Segment Start: DATASET EXTRACT

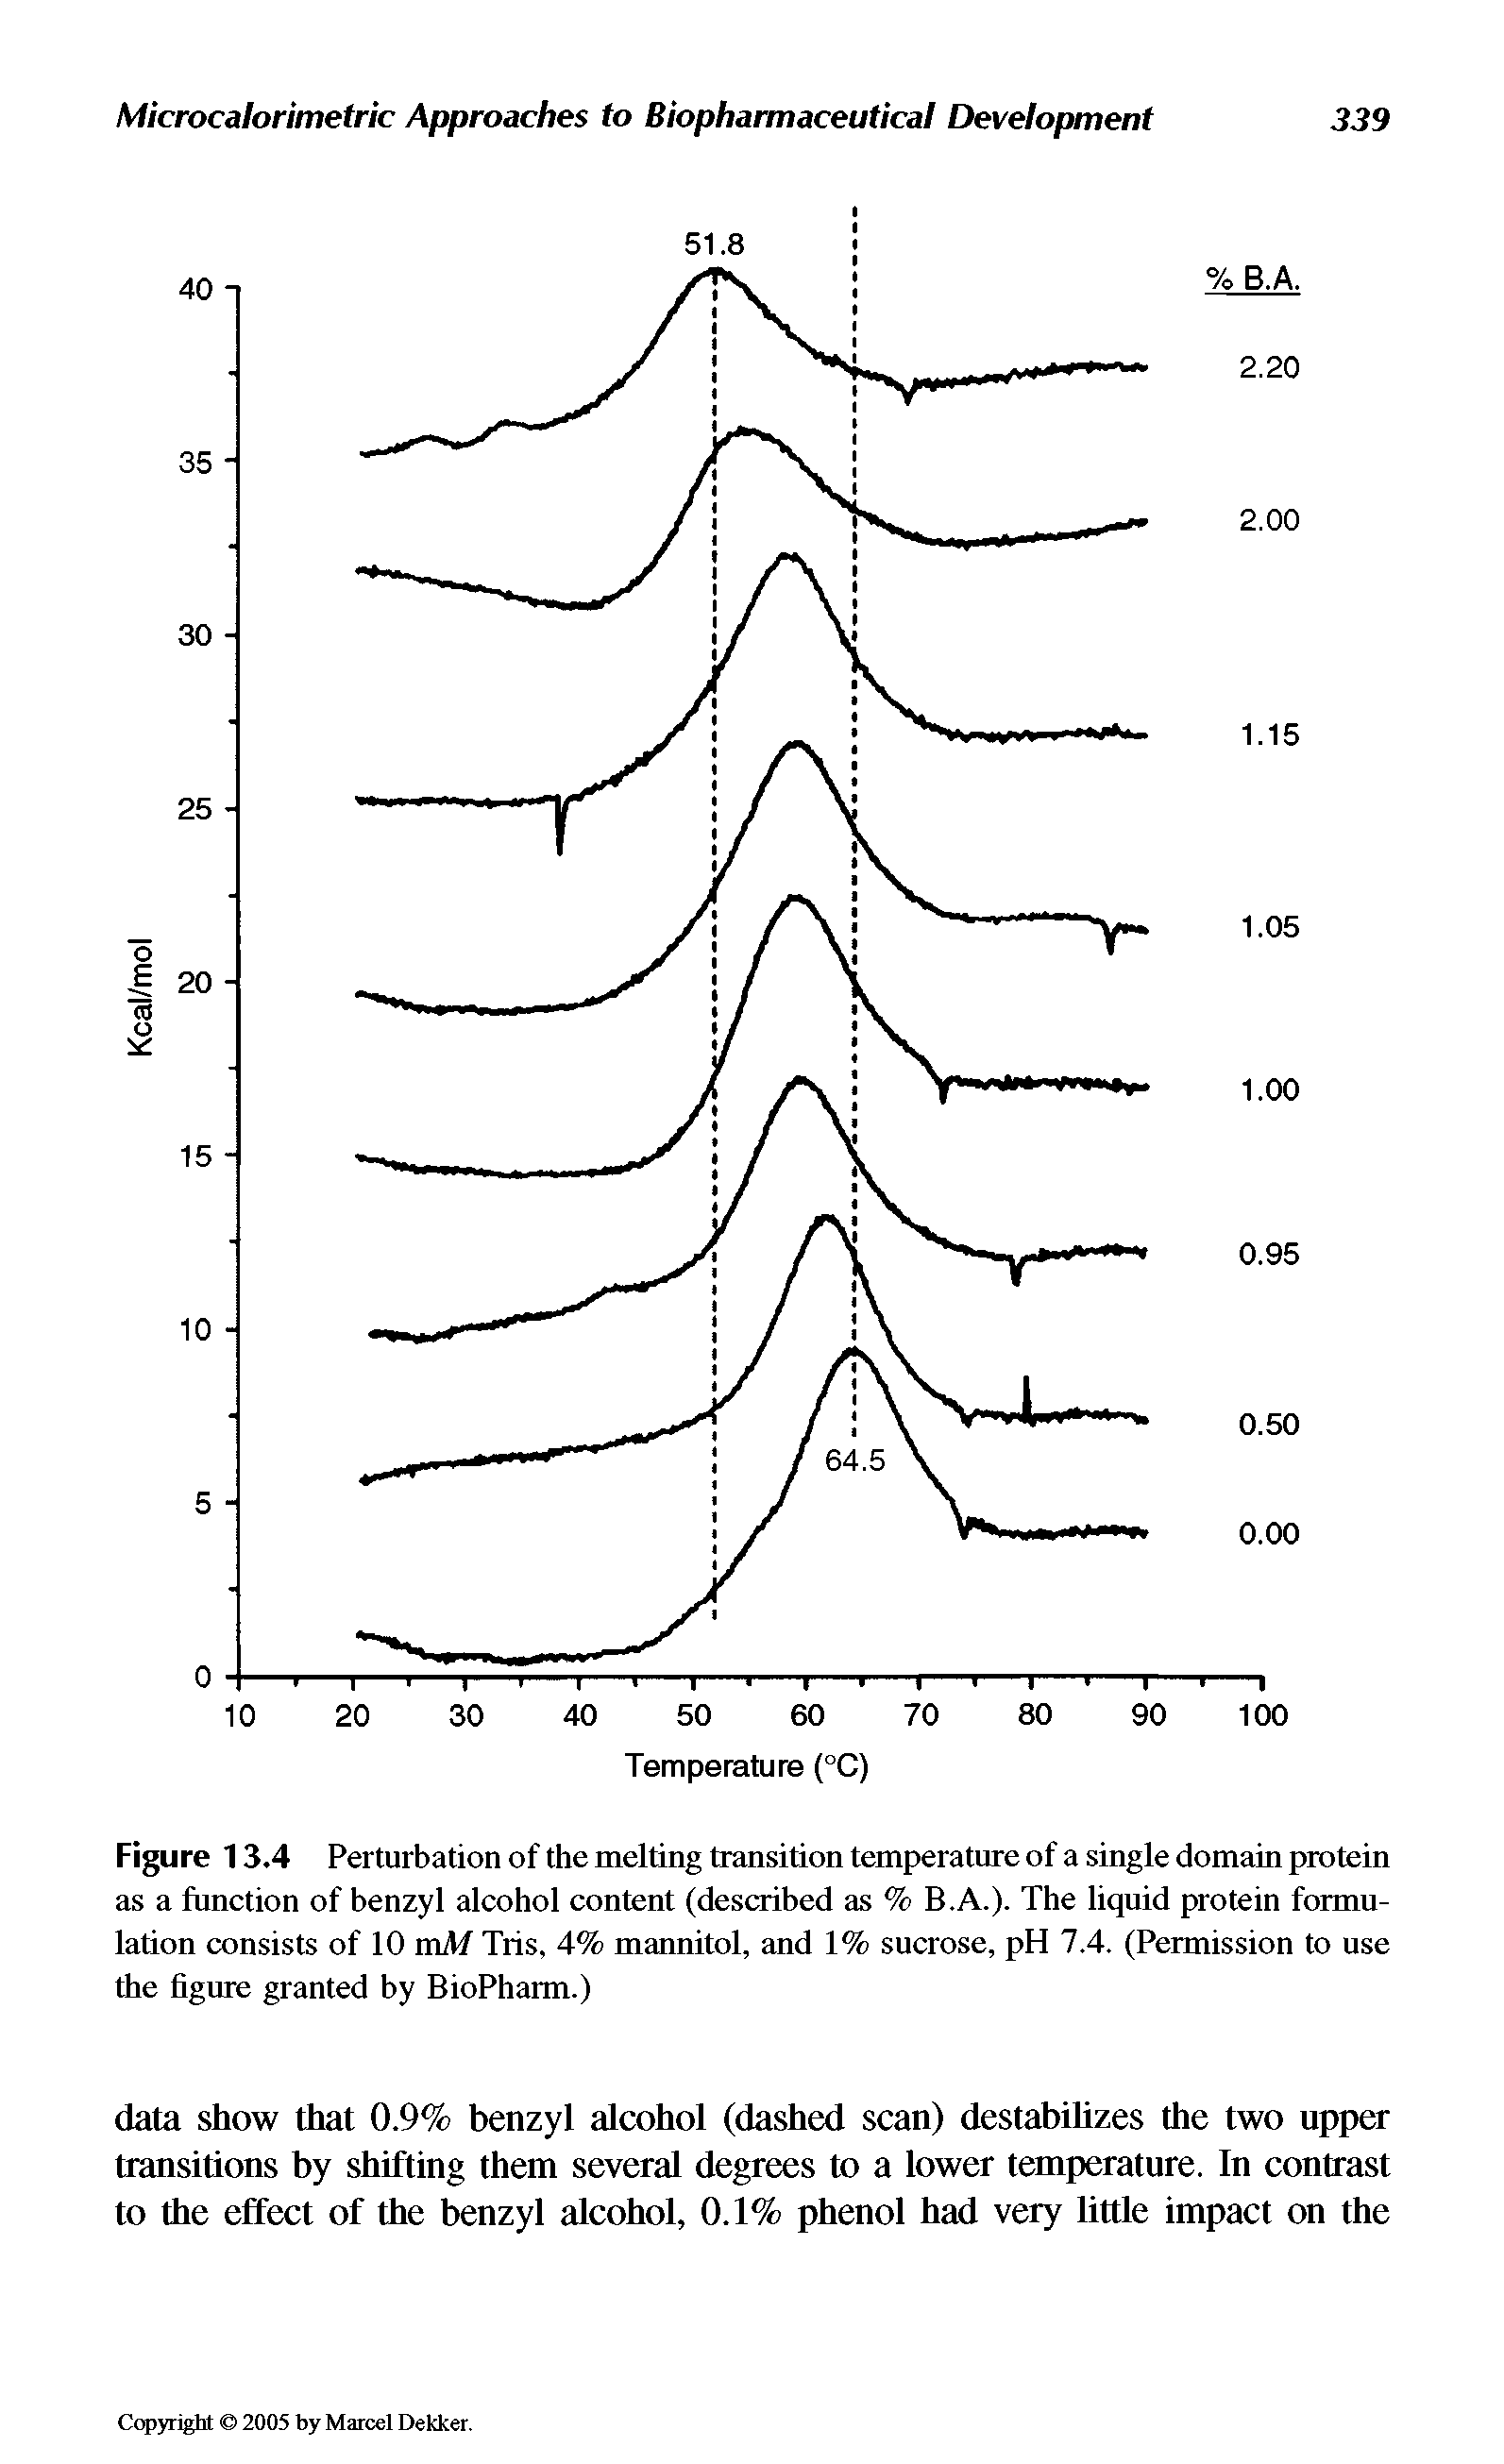 Figure 13.4 Perturbation of the melting transition temperature of a single domain protein as a function of benzyl alcohol content (described as % B.A.). The liquid protein formulation consists of 10 mM Tris, 4% mannitol, and 1% sucrose, pH 7.4. (Permission to use the figure granted by BioPharm.)...
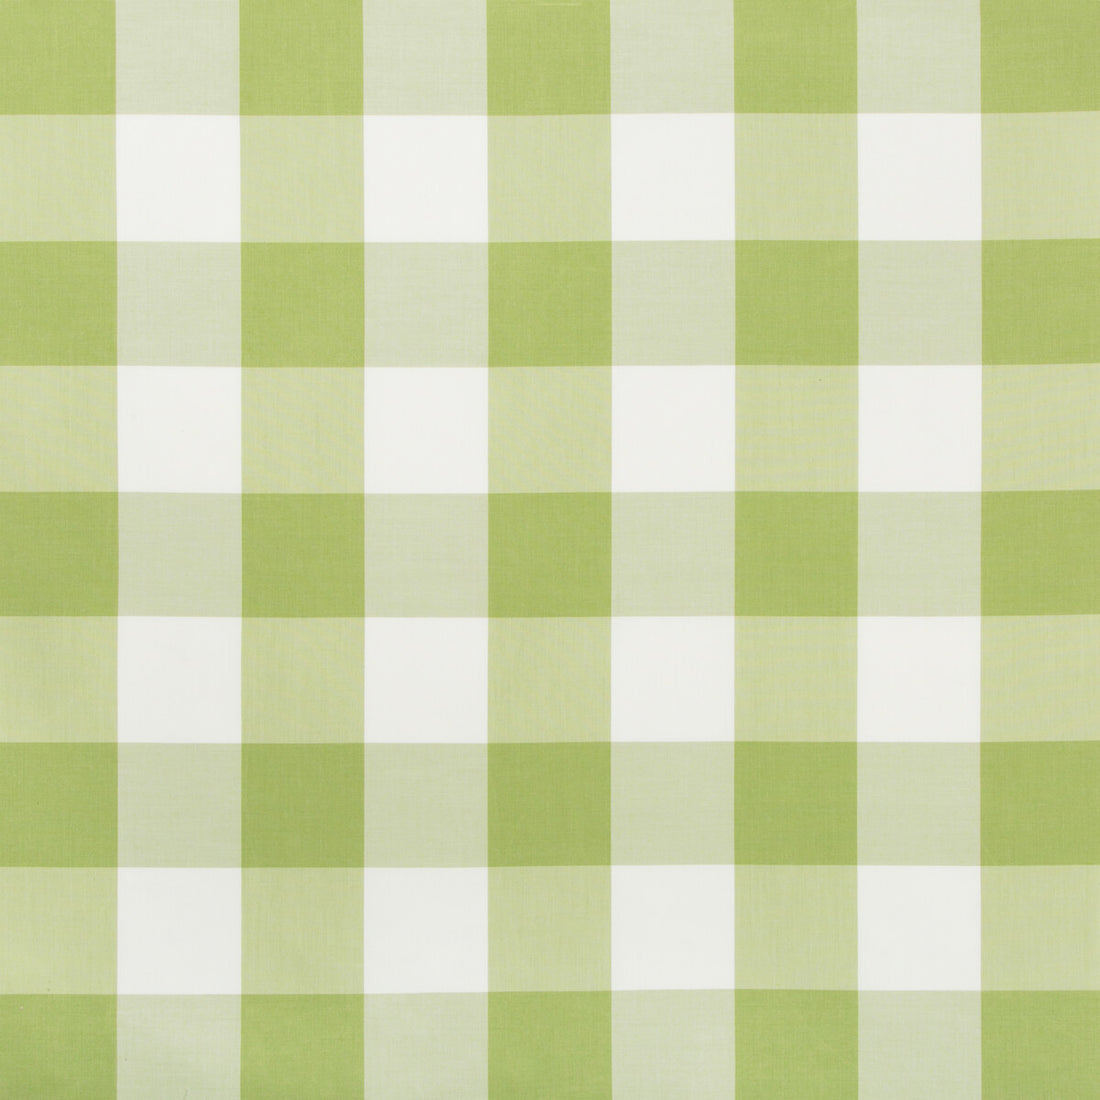 Kravet Basics fabric in 35371-3 color - pattern 35371.3.0 - by Kravet Basics in the Performance Indoor Outdoor collection
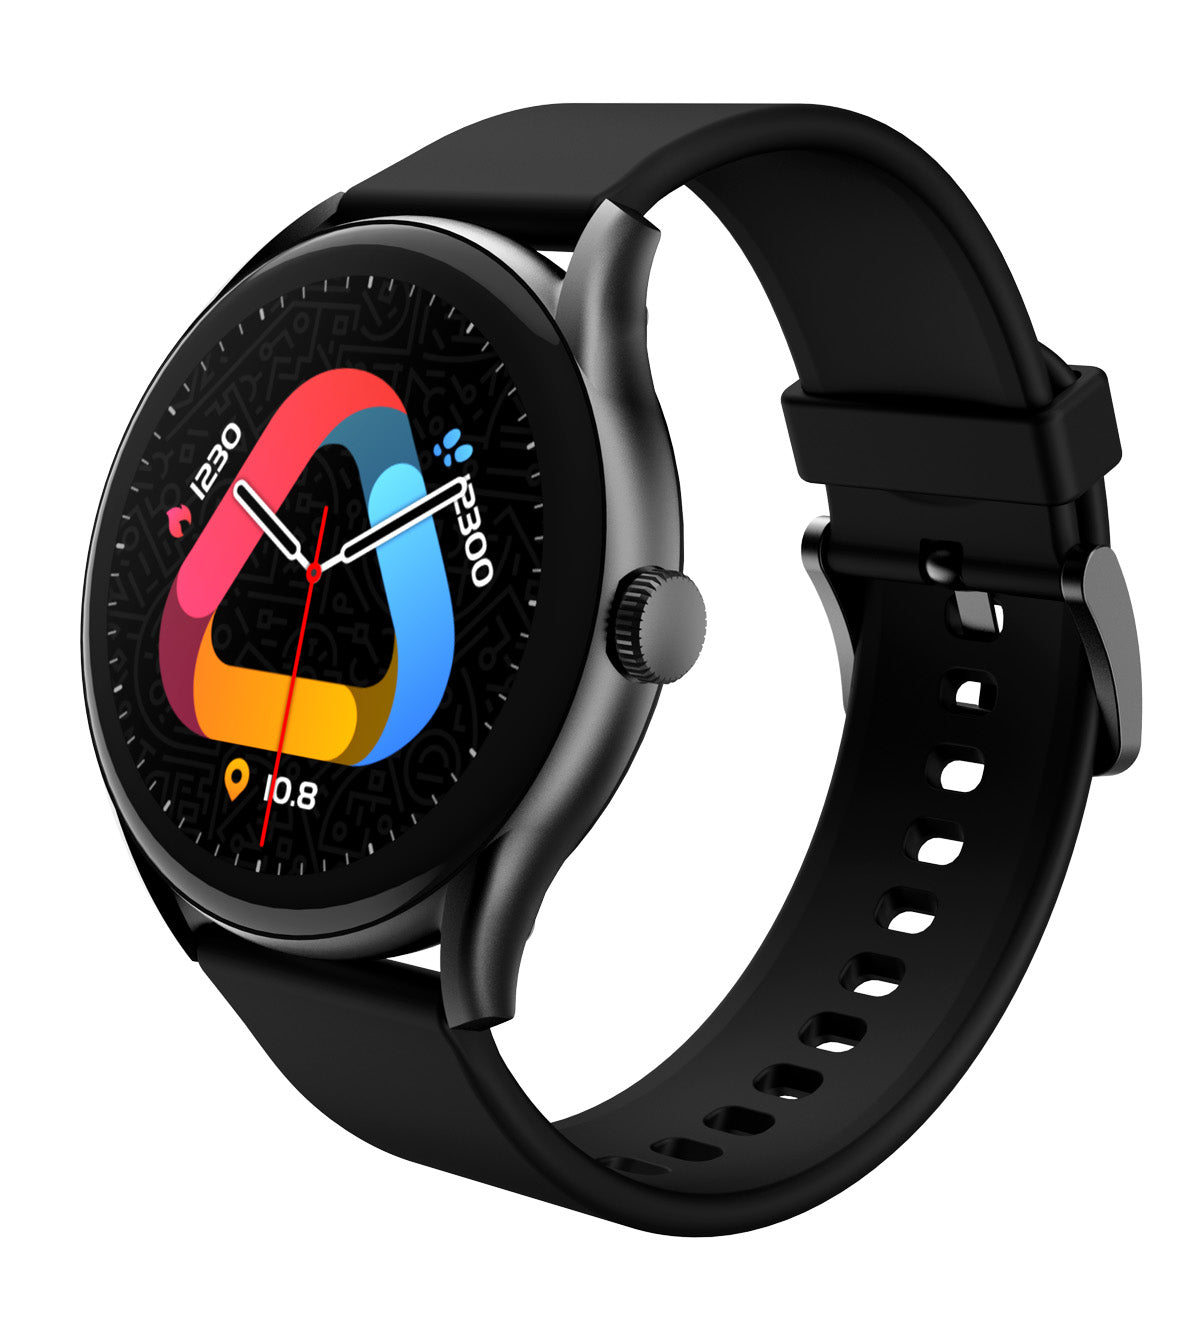 QCY Watch GT Smart Watch With Retina AMOLED HD Display, Brightness Sunlight Display, Health Monitoring, 10 Days Battery and 100 + Sports Modes - Black
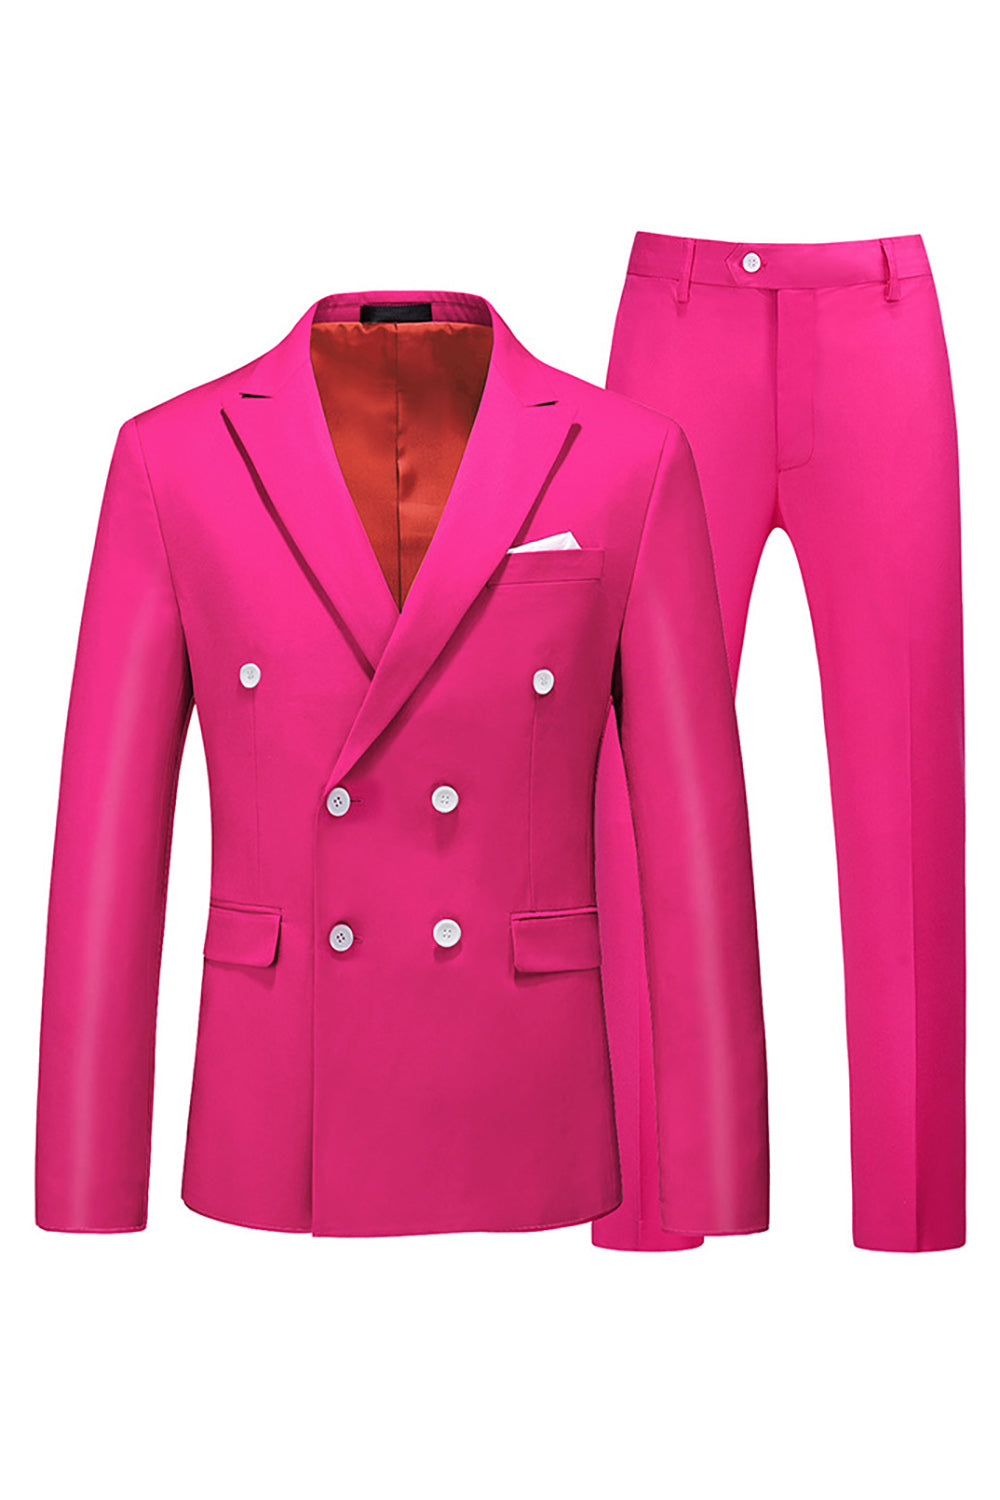 Hot Pink Double Breasted 2 Piece Prom Men Suits

Segment End: DATASET EXTRACT

▸ **WHAT THE TASK REQUIRES**
Each line from the one containing "QCY Watch GT" through the end of the listing is to be set down exactly, with all pictures left out.

▸ **PROBLEM SOLUTION**
 QCY Watch GT Smart Watch With Retina AMOLED HD Display, Brightness Sunlight Display, Health Monitoring, 10 Days Battery and 100 + Sports Modes - Black
 Hot Pink Double Breasted 2 Piece Prom Men Suits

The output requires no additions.